Armstrong: EAGLE contracts will improve IT management

DHS' deputy CIO says EAGLE will help the department inject interoperability and standardization into its enterprise architecture.

The Homeland Security Department’s new platform for acquiring information technology services will help the department get its IT programs up to speed, the department’s deputy chief information officer said today.

DHS awarded indefinite-delivery, indefinite-quantity (IDIQ) contracts to 25 companies for the Enterprise Acquisition Gateway for Leading Edge (EAGLE) solutions program today.

EAGLE will serve as a departmentwide platform for acquiring IT service solutions in five functional categories:

  • Engineering design, development, implementation and integration.
  • Operations and maintenance.
  • Independent test, evaluation, validation and verification.
  • Software development.
  • Management support services.

DHS hopes to save $40 million in fees it pays other departments to administer its IT contracts, said Charlie Armstrong, DHS’ deputy CIO.

EAGLE will help DHS inject interoperability, standardization and regulatory compliance into its enterprise architecture, Armstrong said. Designated employees will ensure that the program complies with Office of Management and Budget regulations, he said.

DHS has weathered a lot of criticism to get IT solutions in place, Armstrong said. Through EAGLE, the department aims to reduce the time it takes to identify program requirements and get task orders operating, he said. “We think this will really get us to solve problems quickly” and get new programs up and running, he added.

EAGLE will have a centralized contract with decentralized ordering, said Soraya Correa, director of DHS’ procurement operations. Components of the department will order through their own procurement offices, which a central office will coordinate. The central office will also handle purchasing for the Office of the CIO, she said.

DHS is adding electronic processing of purchase orders to its procurement systems, Correa said.

The department will split parts of EAGLE into separate procurements, she said. For example, EAGLE’s small-business portion is on track for the end of July.

EAGLE is “just another IDIQ,” said Ray Bjorklund, senior vice president and chief knowledge officer at Federal Sources Inc. “It’s special in that DHS finally got its act together to consolidate its activities and programs.”

Bjorklund said he wants to see how fast contractors will see task and delivery orders. He also wants to find out how much work on existing contracts will move over to EAGLE and how quickly.

EAGLE is well-designed and should operate smoothly, Bjorklund said. The big question is whether EAGLE is designed well-enough so that people will use it instead of other procurement vehicles, he said. “The proof is in the pudding,” he added.

Large systems integrators with long federal track records took most of the slots, said Phil Kiviat, a partner at Guerra Kiviat. “This is nothing more than, ‘Let’s round up the usual suspects,’” he said.

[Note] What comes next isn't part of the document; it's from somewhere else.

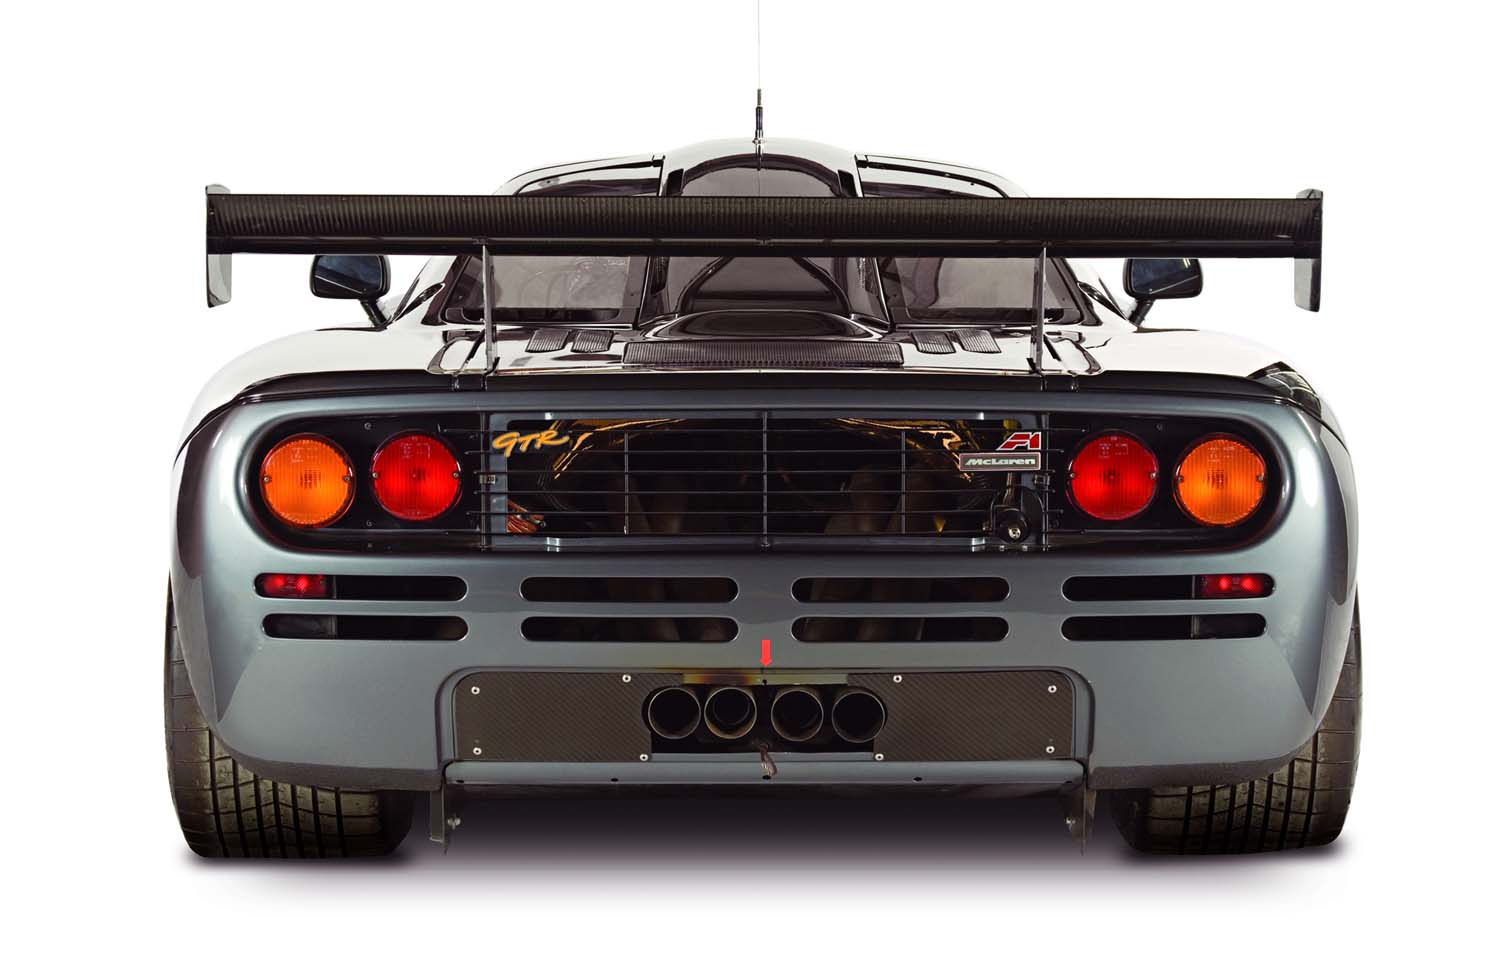 The 1995 Le Mans-winning McLaren F1 GTR (Image: McLaren Automotive Limited)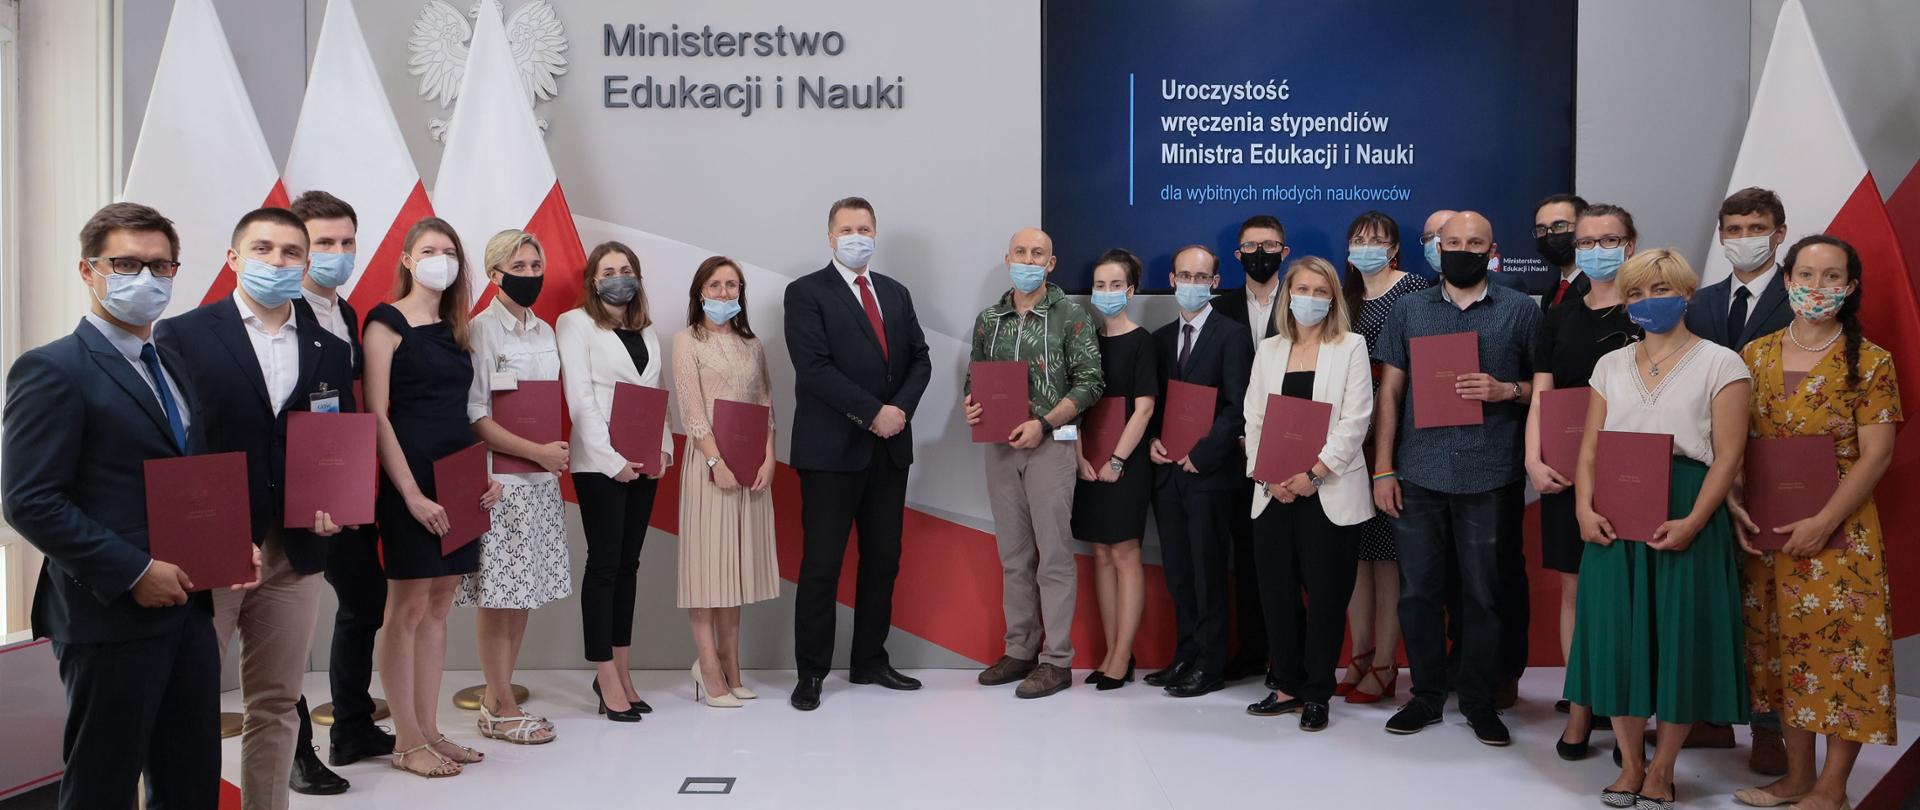 Minister Czarnek stoi w otoczeniu młodych naukowców, za nimi na ścianie napis Ministerstwo Edukacji i Nauki i polskie flagi.

There is pent-up demand for the contract and task orders waiting to be issued, Kiviat said. He expects the first activity on EAGLE in the next few weeks and rapid action thereafter.

DHS wanted the strongest companies for each of the five program areas, Kiviat said. The setup will be good for DHS because it limits the number of companies it deals with to a small group of well-known providers, he said.

Handing all the business to large integrators, however, will make it difficult for midsize companies to participate in DHS programs, Kiviat said. He predicted instances in which large companies can’t bring on midsize partners because the prime contractors must meet their set-asides for small businesses.

Some midsize companies will protest EAGLE’s setup, Kiviat said. He expects that DHS and industry will find a way to include midsize businesses, however.

An important step to include midsize businesses in EAGLE would be for Congress to define them in the Federal Acquisition Regulation, just as it has defined small businesses, Kiviat said. Without that definition, he said, the exclusion of midsize businesses will be inevitable.

The General Services Administration’s Alliant contract could face similar problems with including midsize companies for the same reason, Kiviat said.